PATIENTS’ RIGHTS: Coburn, Shadegg Introduce Bill
Conservative House Republicans yesterday introduced a wide-ranging HMO reform bill that would allow patients a limited right to sue, adding their names to the several Republicans already bucking the leadership on this issue. Introduced by Reps. Tom Coburn (R-OK) and John Shadegg (R-AZ), the bill would allow patients to sue if they suffered physical injury at the hands of a health plan. Before taking action in court, however, patients would be required to exhaust all appeals processes, including a plan's own administrative appeals process and an independent review by a panel of medical experts. HMOs would be forced to pay only if they failed to exercise "ordinary care," and made an "incorrect determination" that a procedure was not medically necessary or was not a covered benefit. Damages for pain and suffering would be capped at $250,000, or double any economic loss, and punitive damages would be proscribed unless a plan acted with "conscious, flagrant indifference to the rights or safety" of a patient. Rep. Van Hillary (R-TN), who supports the bill, said, "It allows patients who have been truly wronged to have a jury trial in federal court."
Hastert Still Not on Board
House Speaker Dennis Hastert (R-IL) has promised a vote on the bill this month, but continued to hold out on an outright endorsement. Supporters urged him to back it, suggesting they may otherwise defect in support of Democratic proposals or the Norwood-Dingell bill (Pear, New York Times, 9/10). CongressDaily/A.M. reports that "at least a half-dozen Republicans all but threatened to bring to the House floor a bill that would let patients sue health plans in at least some situations" (Rovner/Morrissey, 9/10). "It's going to happen whether the leadership decides they like this bill or not," said Coburn. Rep. Lindsey Graham (R-SC) added, "This is an issue that can hurt us politically. I hope our leadership got the message. Do the math. They're losing control of this issue." Hastert spokesperson John Feehrey said the speaker is "still committed" to working it out. He said, "The speaker has been working on this issue for many years. It's a difficult issue that requires a delicate balancing act" (AP/Milwaukee Journal Sentinel, 9/10).

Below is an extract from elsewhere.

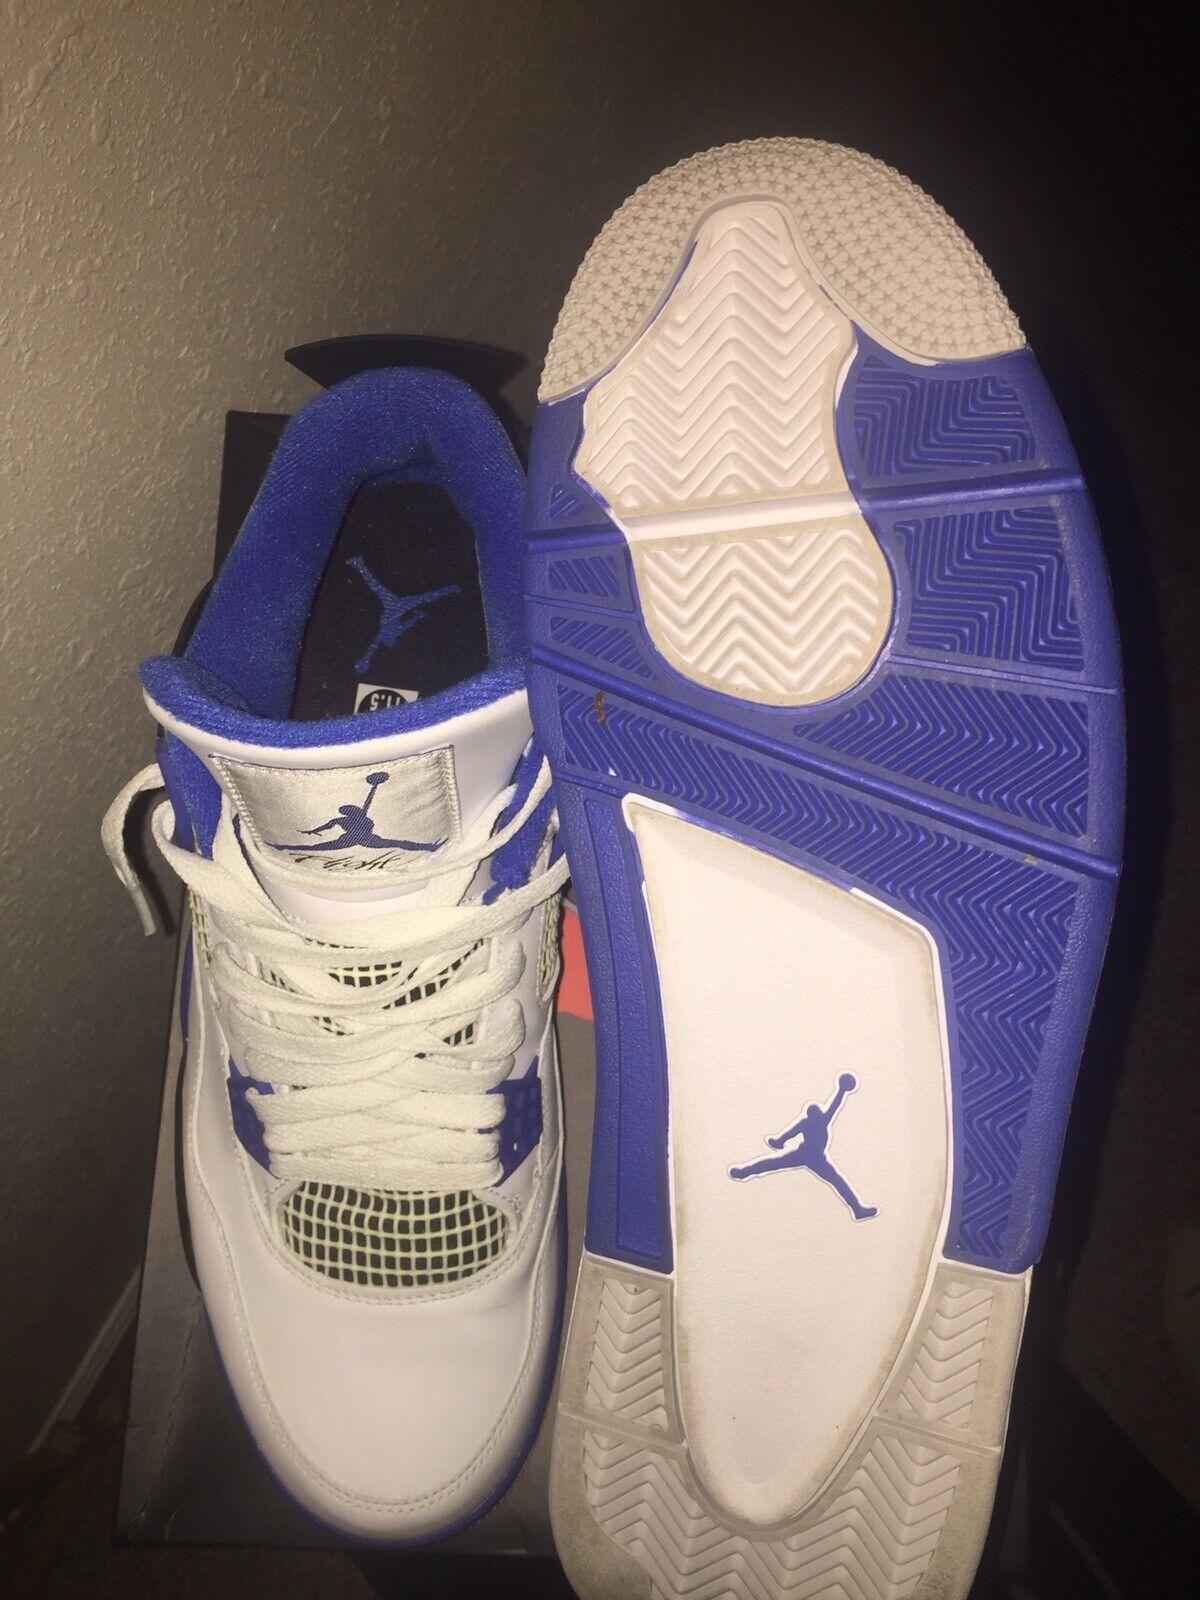 Air Jordan 4 Retro  Military bluee  Mens Size 11.5   GREAT CONDITION

The bill took hits from all sides yesterday. Chip Kahn, president of the Health Insurance Association of America, said, "Despite the sponsors' transparent attempts to position their measure as a 'moderate proposal,' this bill is little more than 'Dingwood II,' and is as politically motivated as all of the other so-called 'patient protection' bills currently before Congress" (release, 9/9). American Association of Health Plans President Karen Ignagni said, "Congress can't continue to have it both ways. It's time for members of Congress to choose whose side they are on. Congress either supports keeping coverage affordable through a system of external review or they can cast their lot with the trial lawyers" (release, 9/9). Adrienne Hahn, legislative counsel for Consumers Union, called the bill "unacceptable, because it does not provide the consumer with full compensation for injuries that result from the mistakes of a managed care plan" (New York Times, 9/10).
Coburn on His Way Out
The Wall Street Journal today published a profile of Coburn, who will voluntarily leave Congress next year after three terms. Disillusioned, he said, "A lot of people will be happy when I'm gone." He criticized Washington career-ism, saying, "I think Congress no longer represents the majority of Americans. Congress represents special interests and itself. It's an elite ruling class." The HMO issue has led him to conclude that the GOP are is just as addicted to special interests as Democrats. "Republicans are not what they say they are," he said (Farney, 9/10).